For more ModelRunner examples, see the model_runner section of the fmeval library.

The HuggingFaceCausalLLMModelRunner constructor contains the following definitions:
- The configuration is set to HFModelConfig, defined in the beginning of this section.
- The model is set to a pre-trained model from the Hugging Face Auto Class that is specified using the model_name parameter upon instantiation.
- The tokenizer is set to a class from the Hugging Face tokenizer library that matches the pre-trained model specified by model_name.
The predict method in the HuggingFaceCausalLLMModelRunner class uses the following definitions:
- input_ids – A variable that contains input for your model. The model generates the input as follows.
  - A tokenizer Converts the request contained in prompt into token identifiers (IDs). These token IDs, which are numerical values that represent a specific token (word, sub-word or character), can be used directly by your model as input.
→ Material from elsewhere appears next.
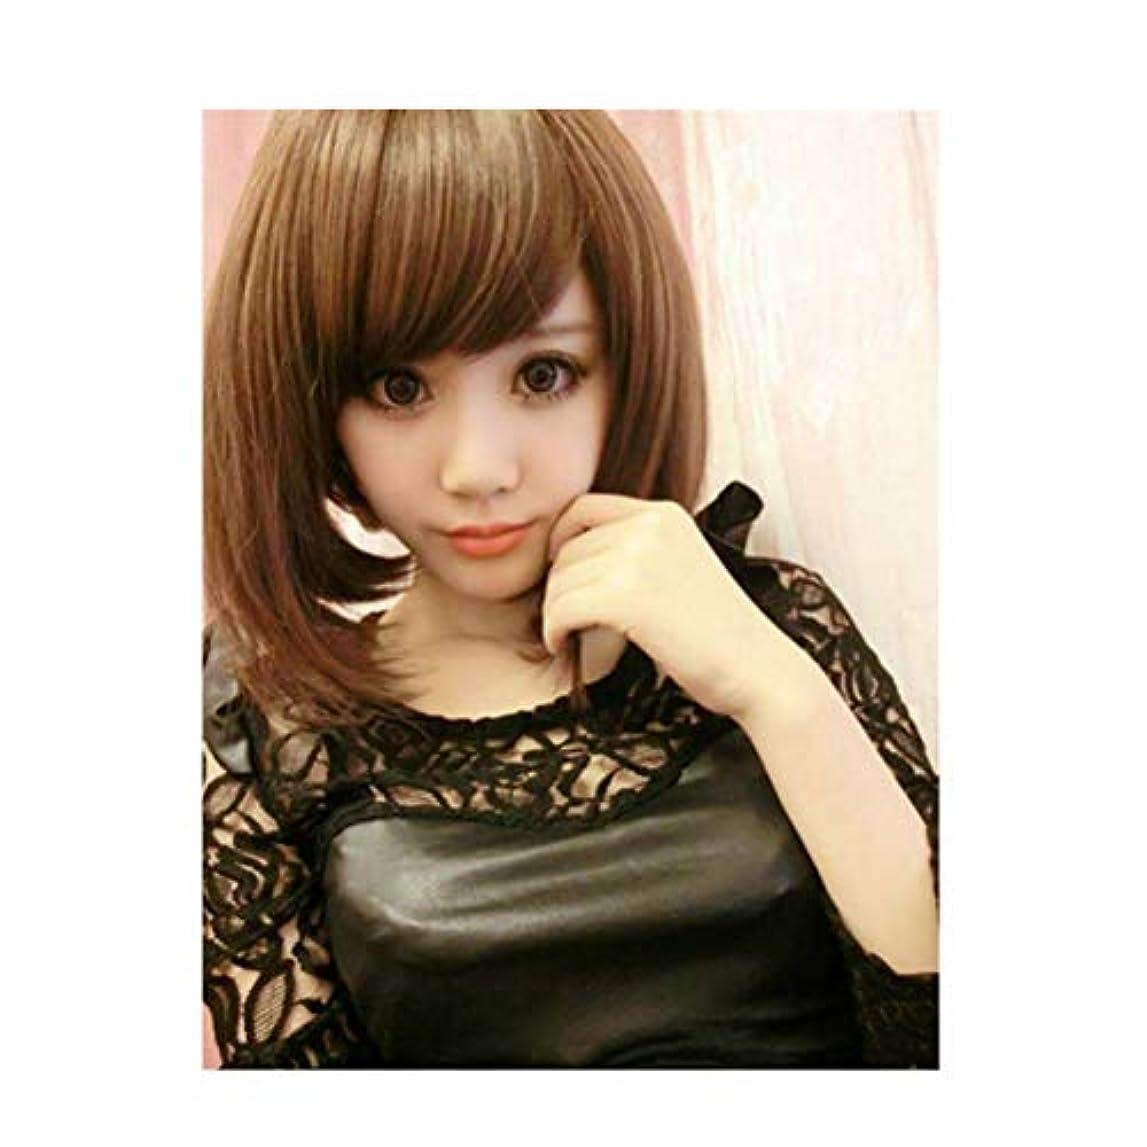 暫定の失う主要なかつら女性の茶色の斜め前髪化学繊維ショートヘア高温ワイヤーLH2201 (ライトブラウン)

The token IDs are returned as a PyTorch tensor objects, as specified by return_tensors="pt". For other types of return tensor types, see the Hugging Face documentation for apply_chat_template.
  - Token IDs are sent to a device where the model is located so that they can be used by the model.
- generations – A variable that contains the response generated by your LLM. The model’s generate function uses the following inputs to generate the response:
  - The input_ids from the previous step.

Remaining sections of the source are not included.